Q: If the legal limit for getting a DUI is .08, how can someone get a DUI if they blow less than .08? Wouldn’t they not be legally drunk?
A: Sometimes the words we choose to describe things change our understanding of them. The term “legal limit” is a potentially disastrous example. You might infer from this term that there is a limit under which it is legal to drive after drinking. The law has no such limit. Although “legal limit” often gets tossed around in conversations about impaired driving, people in the business of investigating or prosecuting DUI would more likely use “per se limit” or “presumptive limit.” These terms more accurately describe what .08 means to the law. (Side note: .08 refers to the amount of alcohol in a person’s blood, measured in grams per 100 milliliters.) The presumptive limit, put simply, is the point at which the law has agreed everyone is impaired.
If you were to take a look at the RCW on impaired driving, you’d see a four-item list of what it takes to be found guilty of driving while impaired. The first two items on the list are strictly measurements of substances in the blood; the first is alcohol and the second is THC. Essentially, if a person’s blood alcohol content is above a .08, the prosecution doesn’t need any other evidence to prove guilt. The next two items on the list address drivers who are “under the influence of or affected by” alcohol or drugs.
Alcohol begins to affect people at levels far below .08 blood levels. At around .03 our concentration gets worse. At around .06 our reasoning, depth perception, peripheral vision and glare recovery don’t work like they’re supposed to work. All of the things I just listed are pretty important when driving. If a person is under the influence of alcohol and an officer observes that influence while the person is driving, that driver could be arrested for DUI, even with a blood alcohol concentration (BAC) of less than .08.
The other word that isn’t really helpful when talking about DUI is “drunk.” Although we often talk about drunk driving, the law isn’t concerned with drunkenness but with impairment. We all know what a drunk person looks like; slurred speech, staggering around, drunk-dialing your ex. Impairment can be more subtle. The affects of alcohol I listed above all happen before someone starts slurring their speech or loses their gross motor control.
There’s another way that someone might be impaired at levels far below the presumptive limit: poly-drug use. Poly-drug use is the combining of two or more drugs. The most common occurrence is when people combine alcohol and marijuana, sometimes called crossfading. When combining drugs, the effect is often greater than the sum of the parts. A person could have a BAC well below the presumptive limit, along with a THC content of less than five nanograms per milliliter of blood (the presumptive limit for THC) and still be impaired. (There are some other significant risks to crossfading, but I’ll keep this conversation limited to impacts on driving.)
Deaths in Washington from impaired driving have increased in the last few years, and that can be attributed to poly-drug use, especially the combination of alcohol and marijuana.
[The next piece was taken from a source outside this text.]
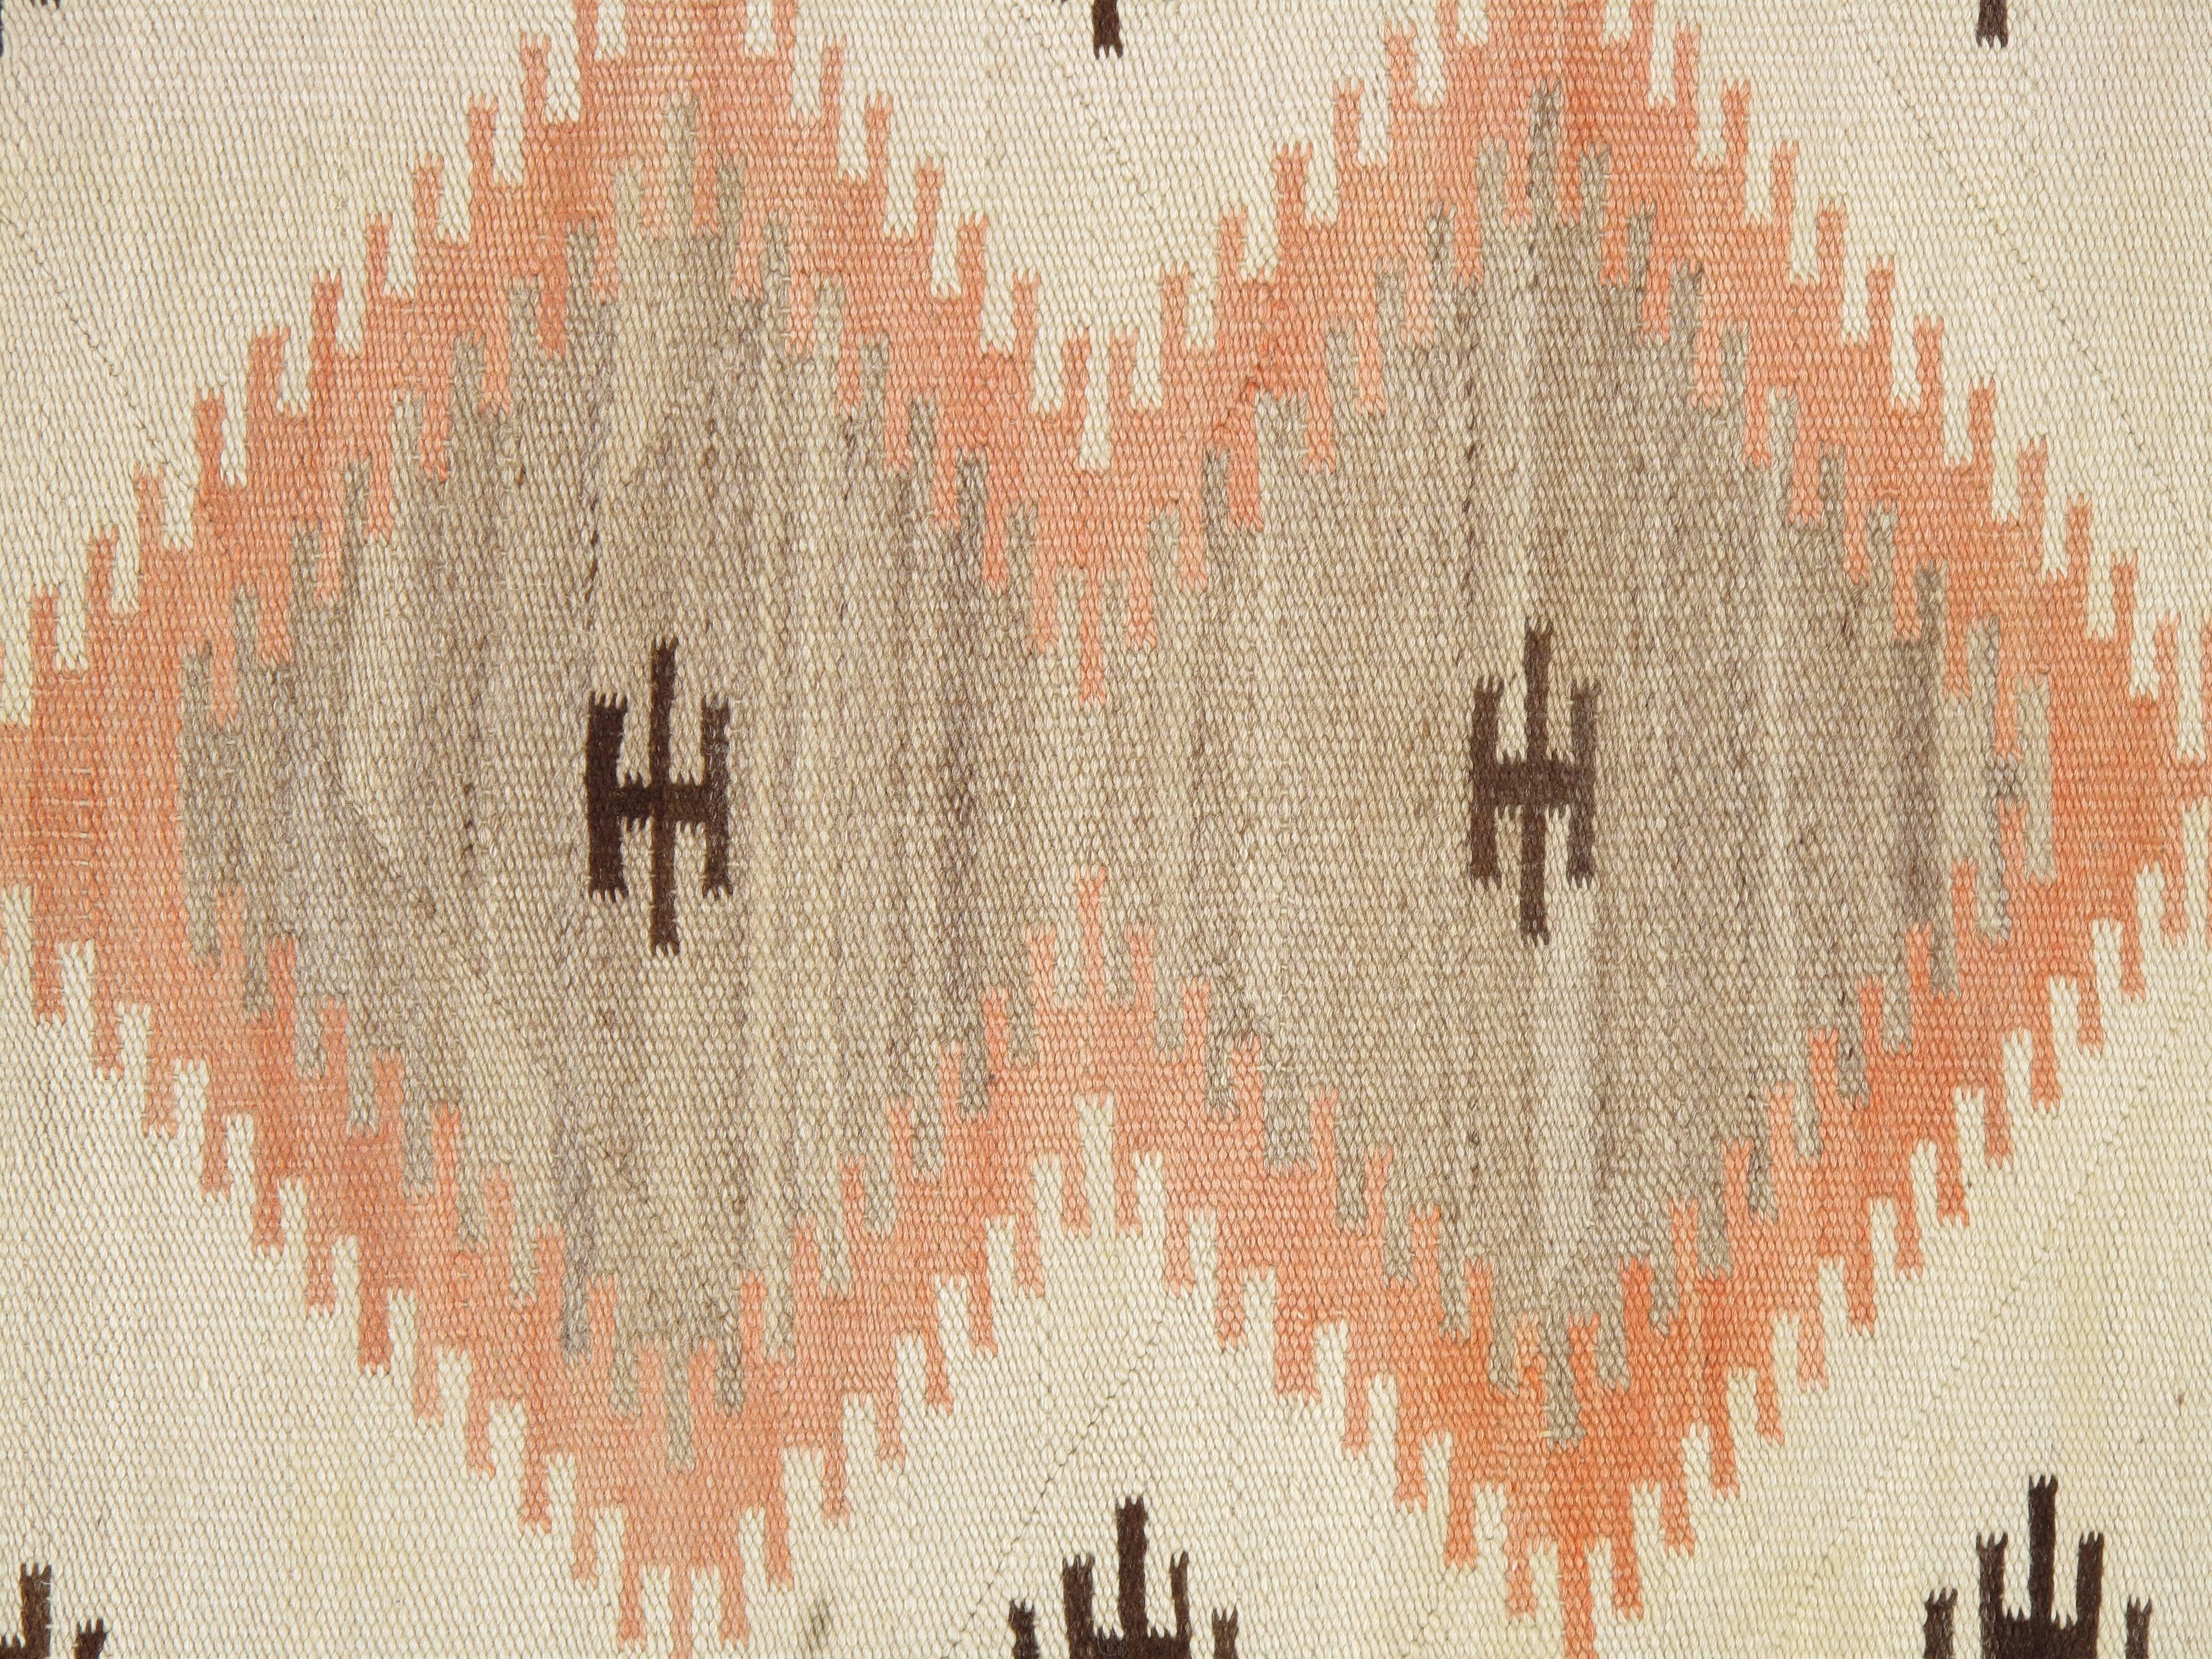 Navajo rugs and blankets are textiles produced by Navajo people of the Four Corners area of the United States. Navajo textiles are highly regarded and have been sought after as trade items for over 150 years. These rugs and blankets are prized by

The number of fatalities from people impaired only by alcohol has been decreasing, but deaths caused by drivers with two or more drugs in their system have shot up. Most frequently those two drugs are alcohol and THC.
While we’re on the topic of combining drugs, let’s not forget that we sometimes consume products that we don’t think of as drugs even though they sort of are. I’m talking about things like coffee, tea, soda, Red Bull. These contain caffeine, technically a drug. On its own, caffeine has become the drug of choice to help many humans survive yet another dreary morning meeting. But combining caffeine with marijuana can give different results than marijuana alone. (Mixing cannabis and coffee has come to be known as a Colorado speedball, clearly an indicator that people have figured out the impacts mixing them.)
Even though we have a presumptive limit, impaired driving isn’t limited to a number. Lots of factors are involved in what kind of impact alcohol and other drugs have on a driver, and it often takes less than people think to be impaired. To help make that point, right now law enforcement officers all across Washington are increasing enforcement of impaired driving, with a focus on poly-drug use. If part of your summertime activities involve substances that can impair your driving, make sure you have a plan that keeps you out of the driver’s seat.